The Companies Act 1990 introduced regulation on substantial property transactions between the company and its officers or connected persons. The new Act has increased the thresholds for these transactions in S.238.

Section 31 of the 1990 Act contained the prohibition on a company making loans, quasi-loans, entering into credit transactions or guarantees and the provision of security except under certain circumstances. The new Act preserves this prohibition of loans etc to directors and connected persons in the form of S.239. The related exceptions (the 10% exception and the business transaction exception have been broadened to include guarantees and security in connection with loans, quasi-loans and credit transactions). However the Companies Act 2014 brings an administrative innovation, in the form of S.242, whereby the new Summary Approval Procedure as set out in S.203 can be utilised to authorise such transaction. This will operate in a similar manner to the Section 34 whitewash which is currently used, but without the requirement for an independent person’s report under S.208.

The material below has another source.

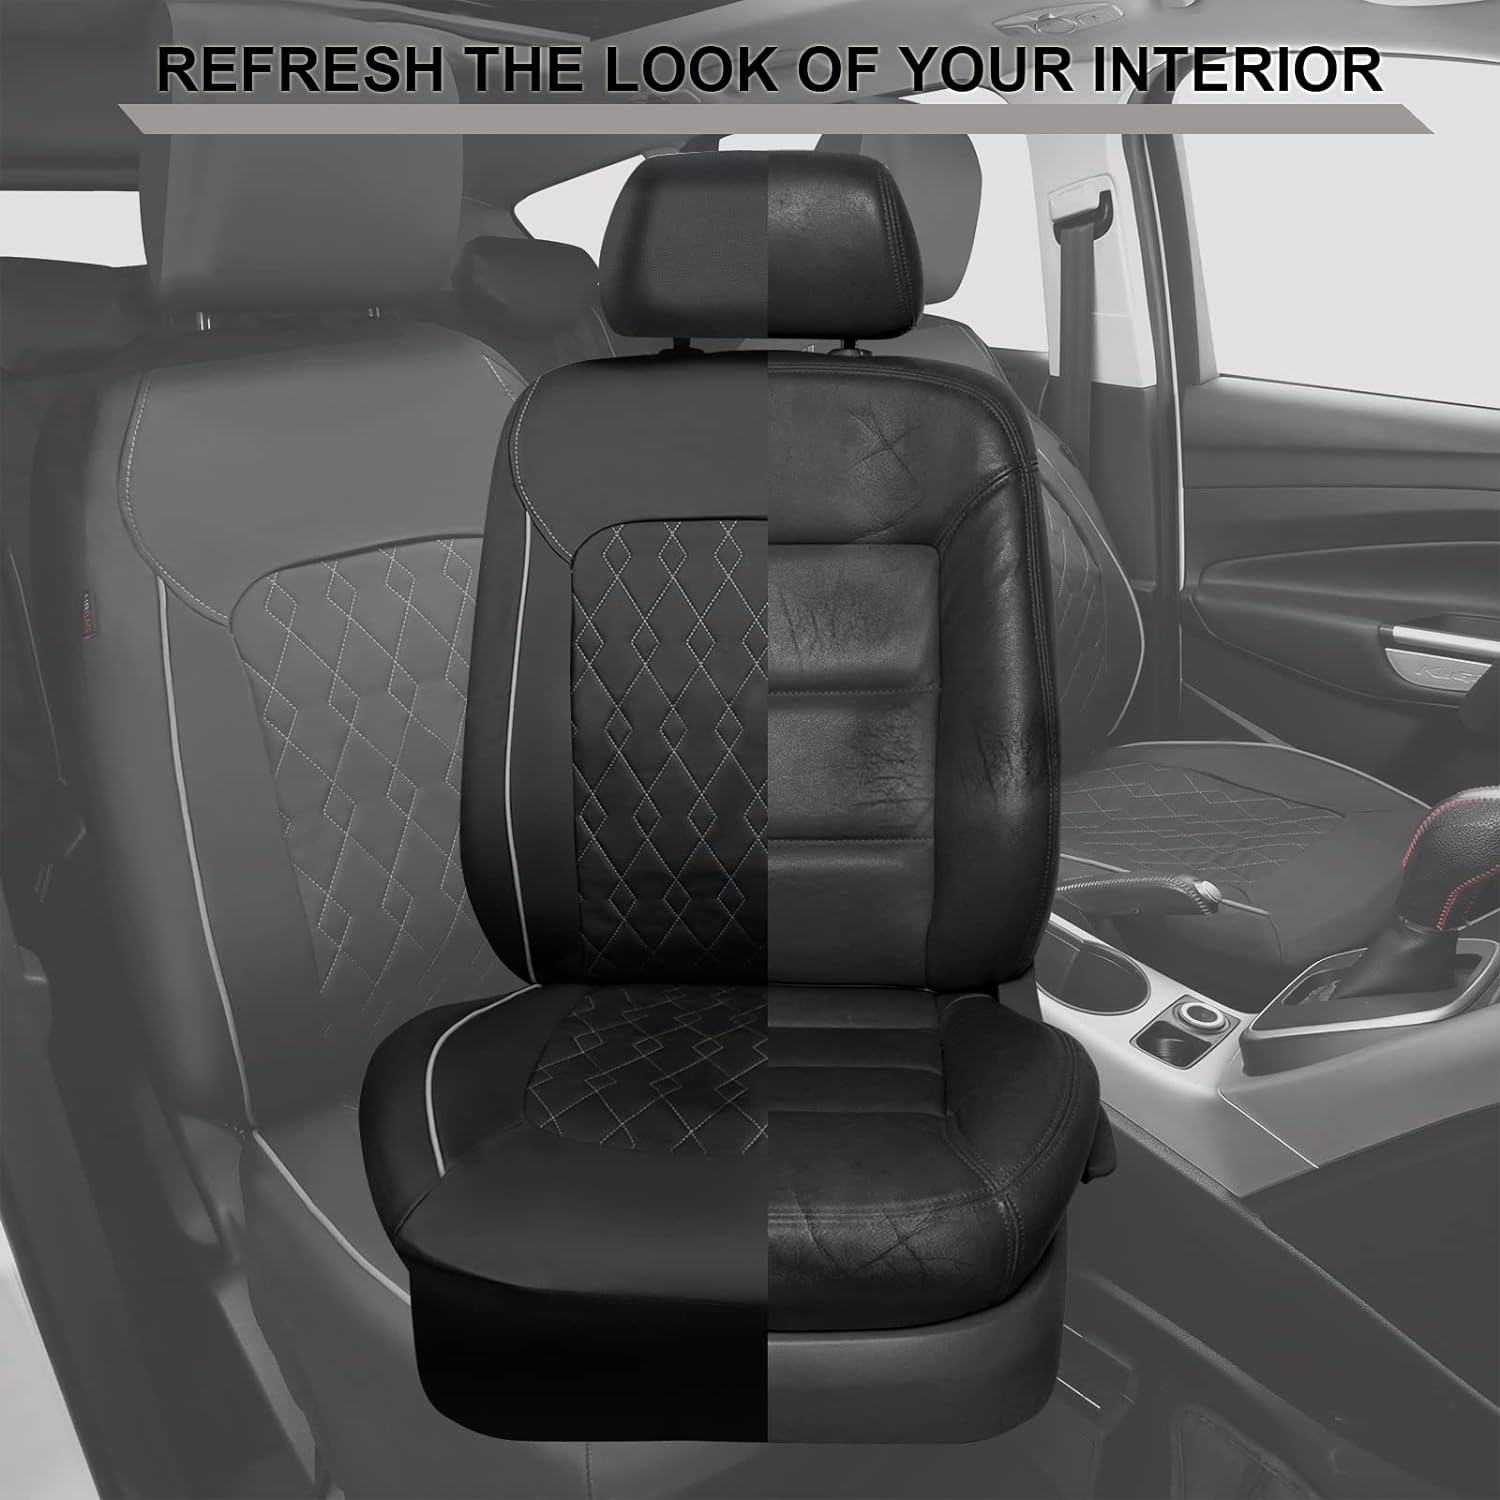 CAR PASS PU Leather Car Seat Covers Full Set Fit Most Cars Trucks SUVS Auto Seat Covers Set Car Seat Protector Car Seat Cover with Zipper Design, Airbag Compatible (Full seat Black Gray)

Current law on compensation payable to Directors on loss of office contains a prohibition unless such a payment is pre-approved by the members in an AGM. The new Act offers a more precise wording for this and extends it to cover shadow and de-facto directors and also when the payment is for the loss of a management office where the individual losing office is also a director. S.232 provides for the remedies where a breach is made under this section. In such a scenario the director will be liable to:

  • account to the company for any gain which he/she makes
  • to indemnify the company against any loss or damage
  • both of the above if such circumstances occur

What are the Key Points?

  • Directors duties codified
  • Shadow and de facto directors defined
  • Return of directors compliance statements
  • Evidential provision requirements for directors loans
  • The ability to use a Summary Approval Procedure to permit otherwise prohibited loans

What do accountants need to do?

Consider the obligations regarding director’s compliance statements and which of their client companies they will apply to for periods commencing on or after 1st of June 2015. Advise company directors in relation to their duties and the impact of the codification of fiduciary duties.Consider the evidentiary provision requirements and how they relate to transactions between directors and companies.

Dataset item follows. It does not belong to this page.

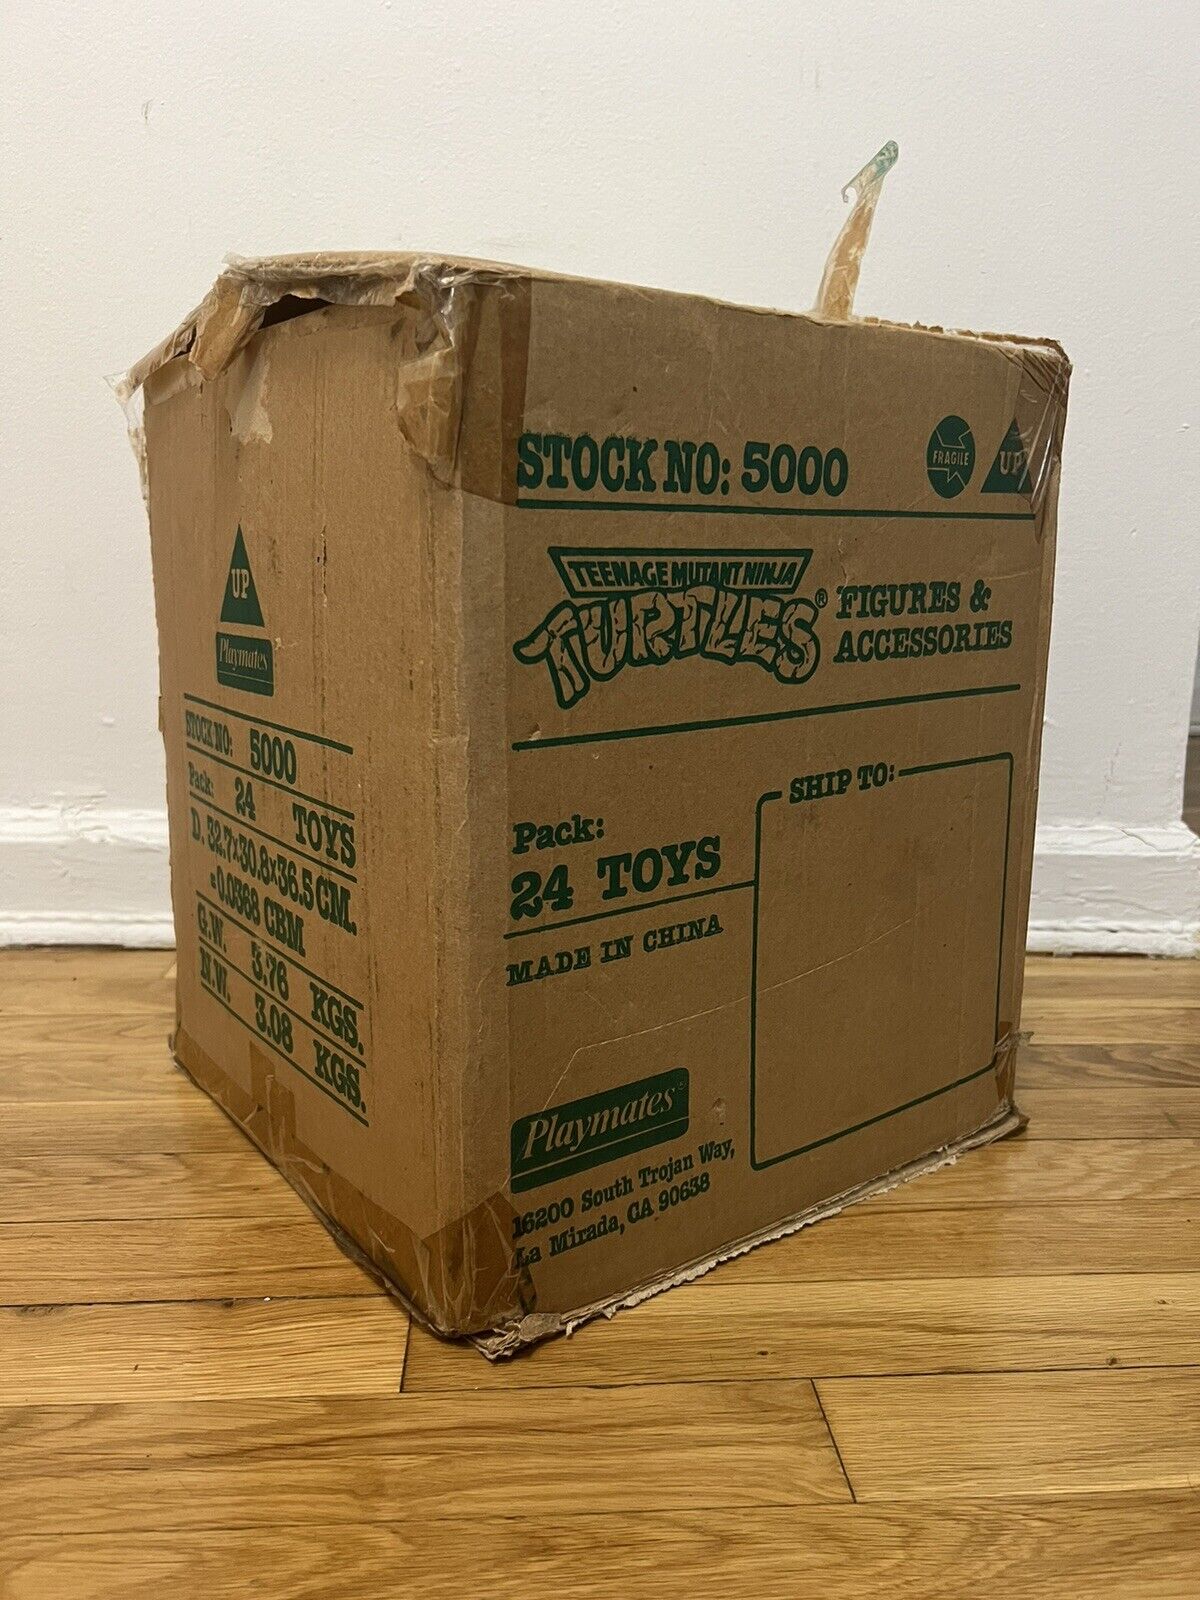 Vintage TMNT Ninja Turtles Figure shipping crate outer box Playmates No. 5000

What do companies need to do?

Ensure all officers are aware of their duties and obligations under the Act. Review board composition and arrange training where necessary. Determine if the provisions in relation to the company secretary are being adhered to. Review internal procedures regarding transactions with directors and ensure appropriate evidentiary proof is in place for any relevant transactions. Determine whether directors’ compliance statements will be necessary. All transactions with directors should now be appropriately documented and approved. Should a director’s compliance statement be required it will be necessary to implement the assurance measures prescribed by the Act, or explain why they have not been done. This is referred to as the “comply or explain approach” These are:

  • the preparation of a compliance policy statement
  • making sure that there are appropriate arrangements or structures in place to secure compliance
  • an annual review of these arrangements and structures

The company secretary should arrange for a review of the composition of the board to identify any lack of experience or qualifications. Companies should facilitate director training and make appointments where additional expertise is required on the board. It may also be prudent to employ an experienced compliance professional or hire a consultant to advise the company on obligations regarding the director’s compliance statement.